10.2 Global features, which are also called high-level-features, often encode the geometric structure of an element within the data representation structure in relation to its neighbors.
10.3 Contextual features are extracted during the last stage of the processing pipeline. These features aim at being accurately located and having rich semantic information such as object class, bounding box shape and size and the orientation of the object. - Feature extractors that are found in the literatures:
11.1 Point-wise feature extractors : PointNet uses the the entire point cloud as input. It extracts global structures from spatial features of each point within a subset of points in Euclidean space. But due to high memory requirements and computational complexity they are not yet suitable for use in autonomous driving
11.2 Segment-wise feature extractors : The term "segment-wise" refers to the way how the point cloud is divided into spatial clusters (e.g. voxels, pillars or frustums). Once this has been done, a classification model is applied to each point of a segment to extract suitable volumetric features.One of the most-cited representatives of this class of feature extractors is VoxelNet. In a nutshell, the idea of VoxelNet is to encode each voxel via an architecture called "Voxel Feature Extractor (VFE)" and then combine local voxel features using 3D convolutional layers and then transform the point cloud into a high dimensional volumetric representation. Finally, a region proposal network processes the volumetric representation and outputs the actual detection results.link to algorithm
11.3 Convolutional Neural Networks (CNN): In recent years, many of the approaches for image-based object detection have been successfully transferred to point cloud processing. In most cases, the backbone networks used for image-based object detection can be directly used for point clouds as well. In order to balance between detection accuracy and efficiency, the type of backbones can be chosen between deeper and densely connected networks or lightweight variants with few connections. - Detection and Prediction Refinement
Once features have been extracted from the input data, a detection network is needed to generate contextual features (e.g. object class, bounding box) and finally output the model predictions. Depending on the architecture, the detection process can either perform a single-pass or a dual-pass. Based on the detector network architecture, the available types can be broadly organized into two classes, which are dual-stage encoders such as R-CNN, Faster R-CNN or PointRCNN or single-stage encoders such as YOLO or SSD. In general, single-stage encoders are faster than dual-stage encoders, which makes them more suited for real-time applications such as autonomous driving.

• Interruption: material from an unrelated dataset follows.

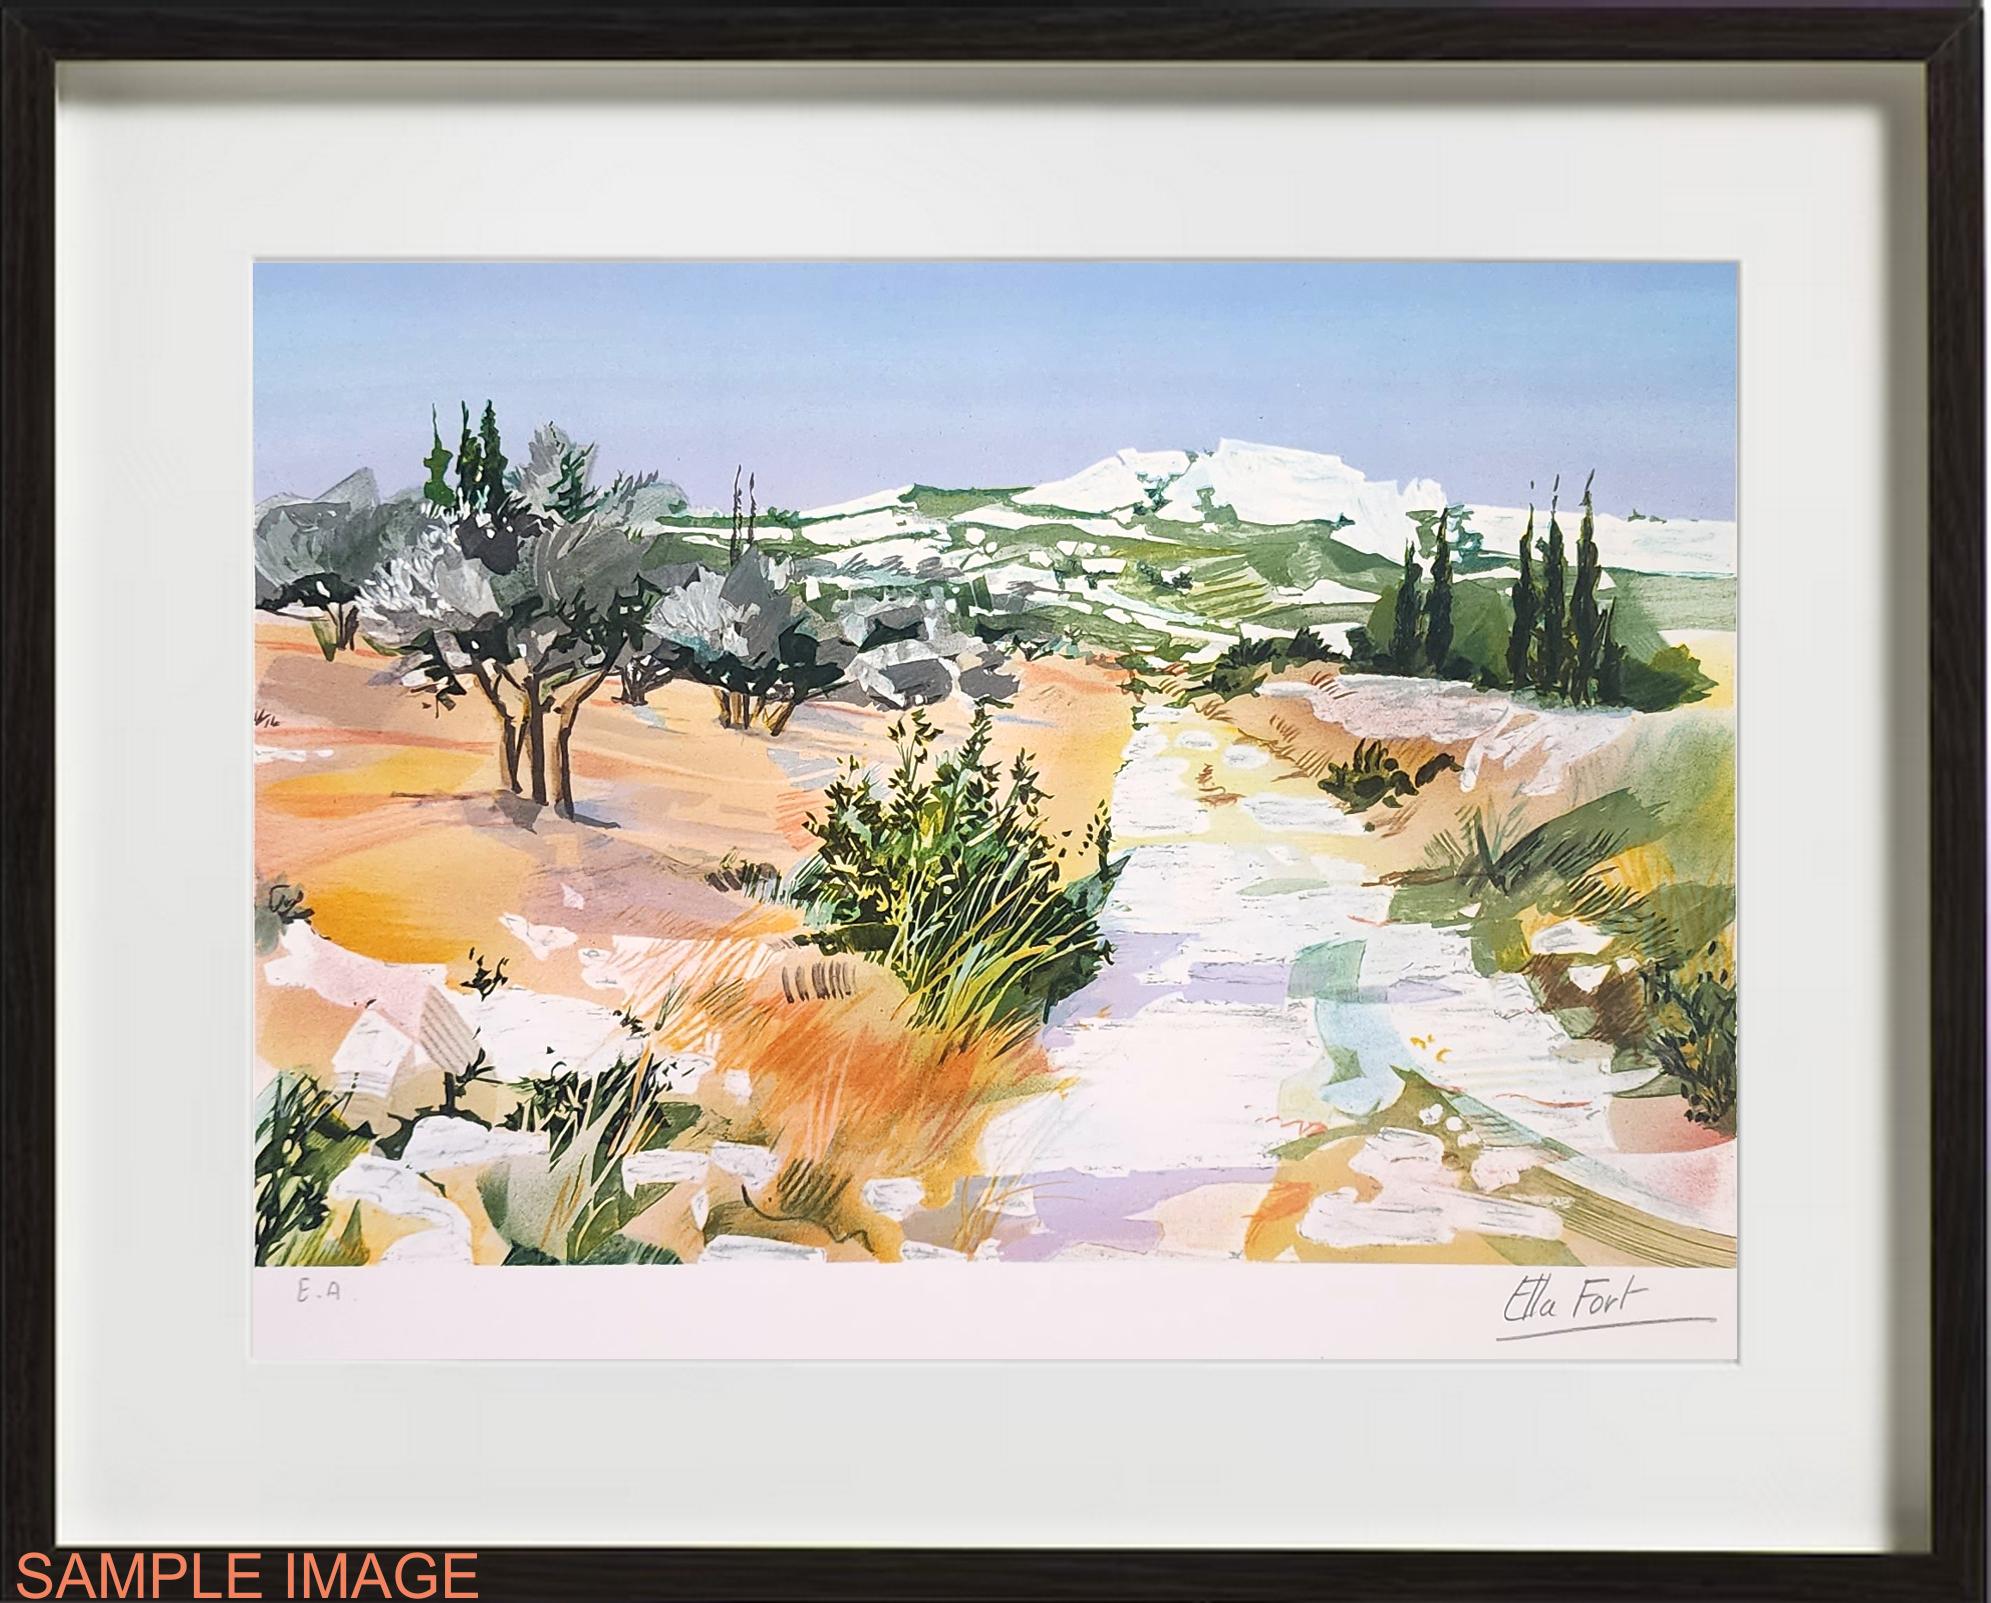 Ella Fort Landscape Print - The Lonesome Road (FRAMED + FREE US SHIPPING) (Provence, landscapes)
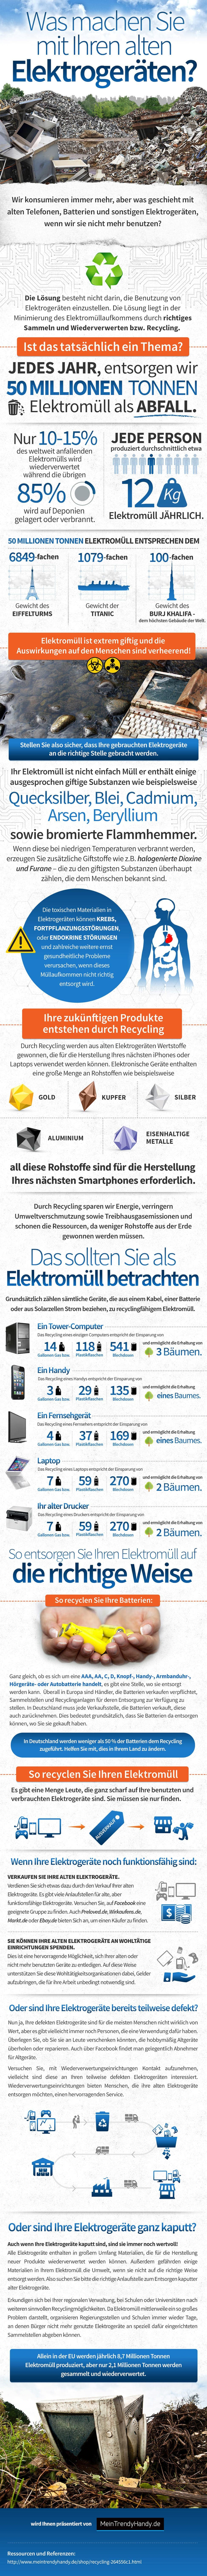 Recycling von Elektrogeräten

This project uses Complex Yolo and Super Fast and Accurate 3D Object Detection based on 3D LiDAR Point Clouds for real time 3D object detection on point clouds,As can be seen from the following figure, the main pipeline of Complex YOLO consists of three steps:
12.1 Transforming the point cloud into a bird's eye view (BEV)
12.2 Complex YOLO on BEV map
12.3 3D bounding box re-conversion
One of the aspects that makes Complex YOLO special is the extension of the classical Grid RPN approach, which estimates only bounding box location and shape, by an orientation angle, which it encodes as a complex angle in Euler notation (hence the name "E-RPN") such that the orientation may be reconstructed as \mathrm{arctan2}(Im,Re)arctan2(Im,Re).

This project implemented Darknet and Resnet-18 as backbone for feature extraction, and use BEV as data representation, future improvement can be using some other backbone while adding more detectable class.